■ **Work task**:
Give a verbatim copy of the data, leaving the pictures out.

■ **Data extract**:

★ ★ ★ ★ ★

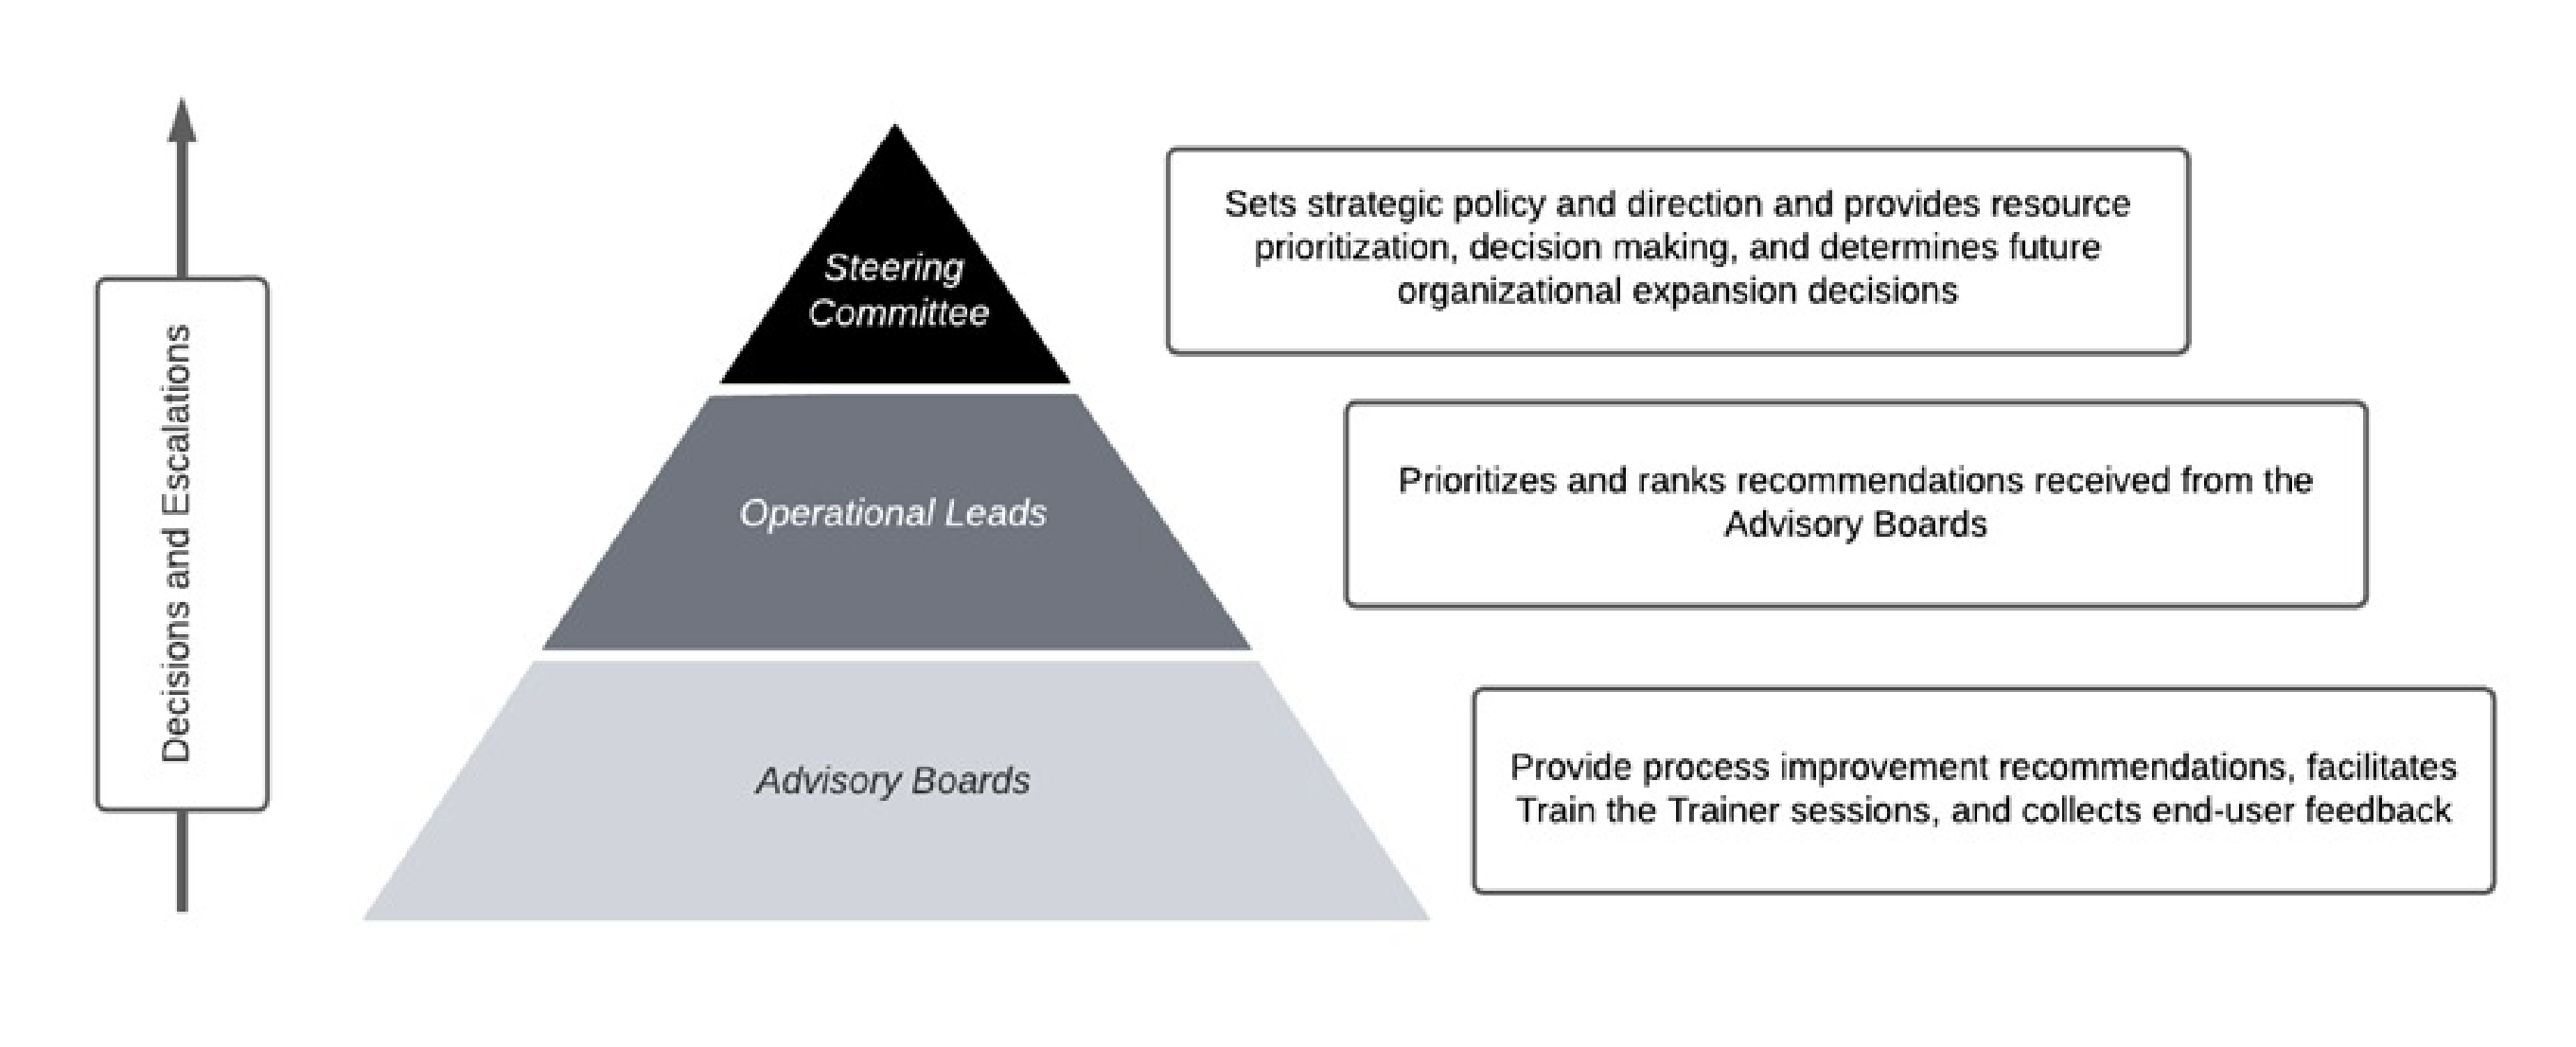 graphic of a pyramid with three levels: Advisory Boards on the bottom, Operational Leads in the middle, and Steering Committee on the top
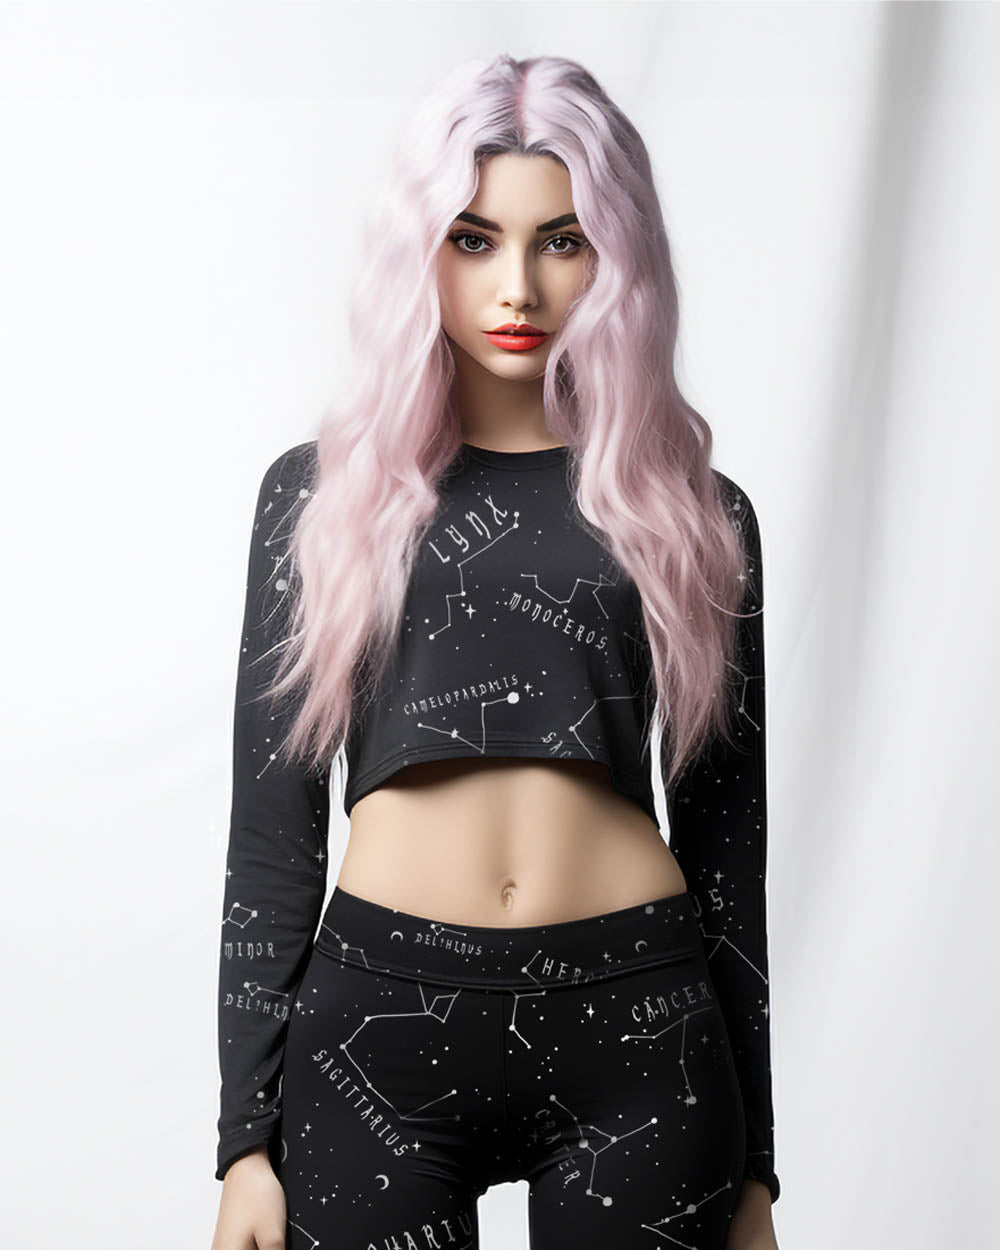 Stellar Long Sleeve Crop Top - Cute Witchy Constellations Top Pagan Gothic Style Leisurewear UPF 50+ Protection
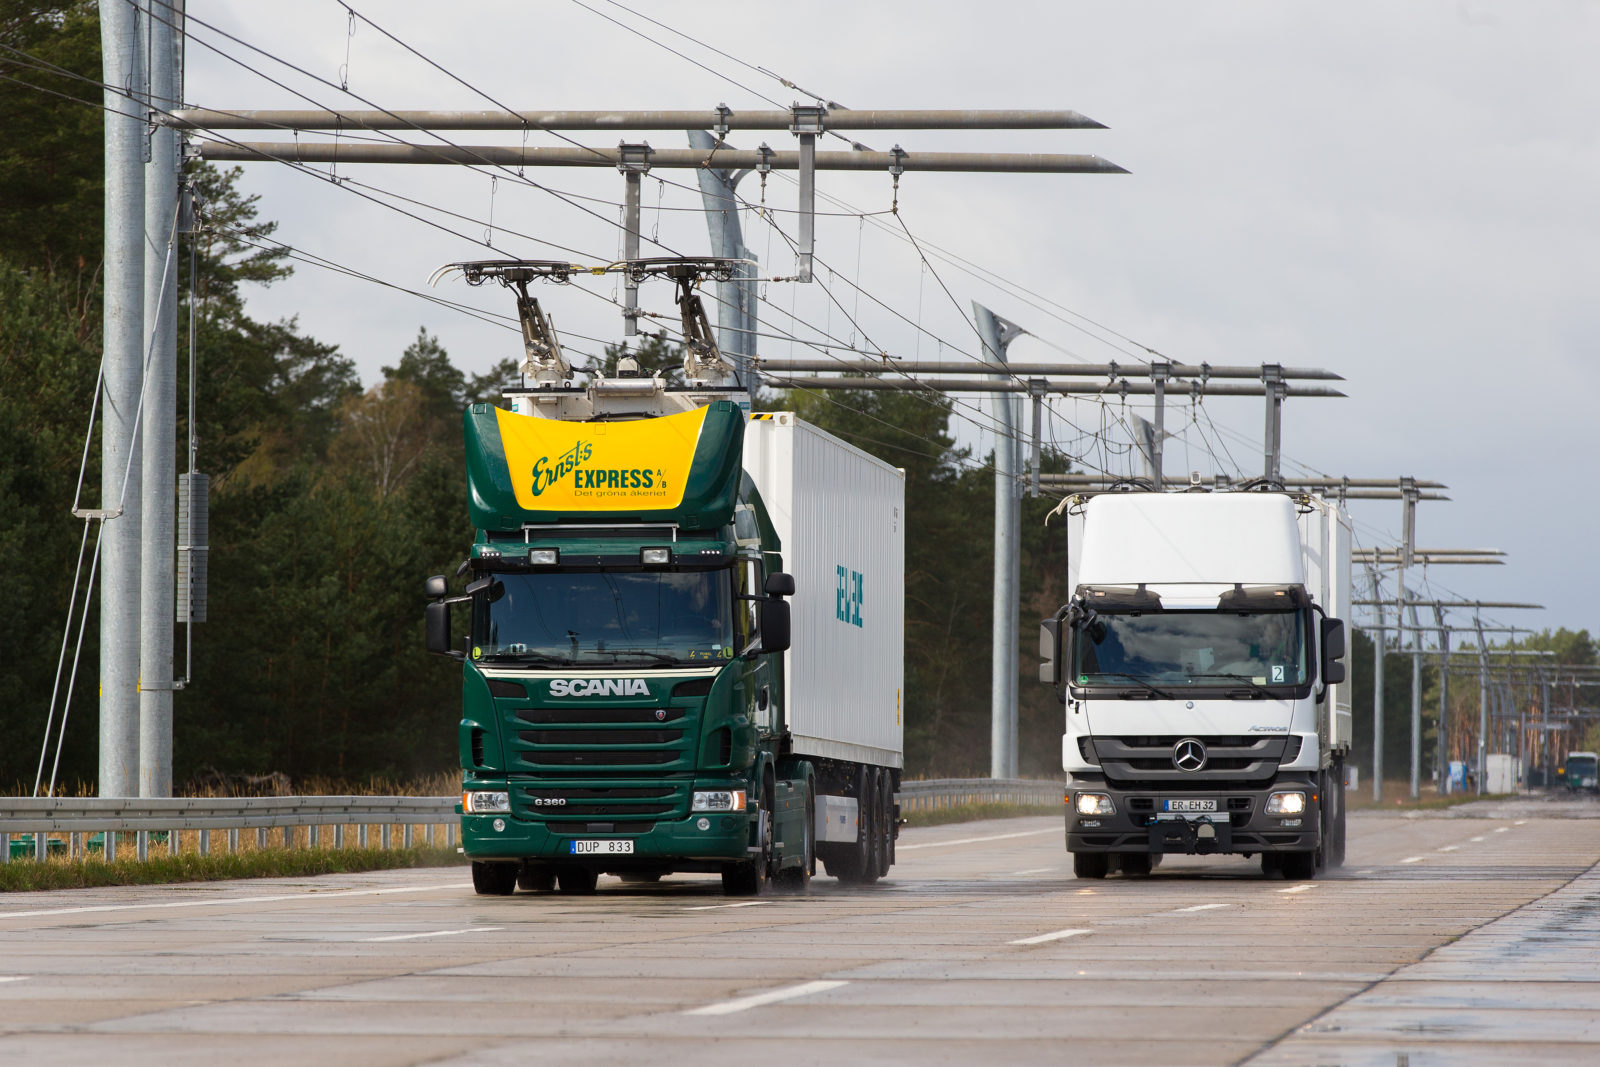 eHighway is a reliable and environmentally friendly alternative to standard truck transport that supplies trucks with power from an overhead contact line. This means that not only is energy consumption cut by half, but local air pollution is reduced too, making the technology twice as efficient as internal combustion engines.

★ ★ ★ ★ ★

■ **Task response**:
 graphic of a pyramid with three levels: Advisory Boards on the bottom, Operational Leads in the middle, and Steering Committee on the top
 Stellar Long Sleeve Crop Top - Cute Witchy Constellations Top Pagan Gothic Style Leisurewear UPF 50+ Protection
 eHighway is a reliable and environmentally friendly alternative to standard truck transport that supplies trucks with power from an overhead contact line. This means that not only is energy consumption cut by half, but local air pollution is reduced too, making the technology twice as efficient as internal combustion engines.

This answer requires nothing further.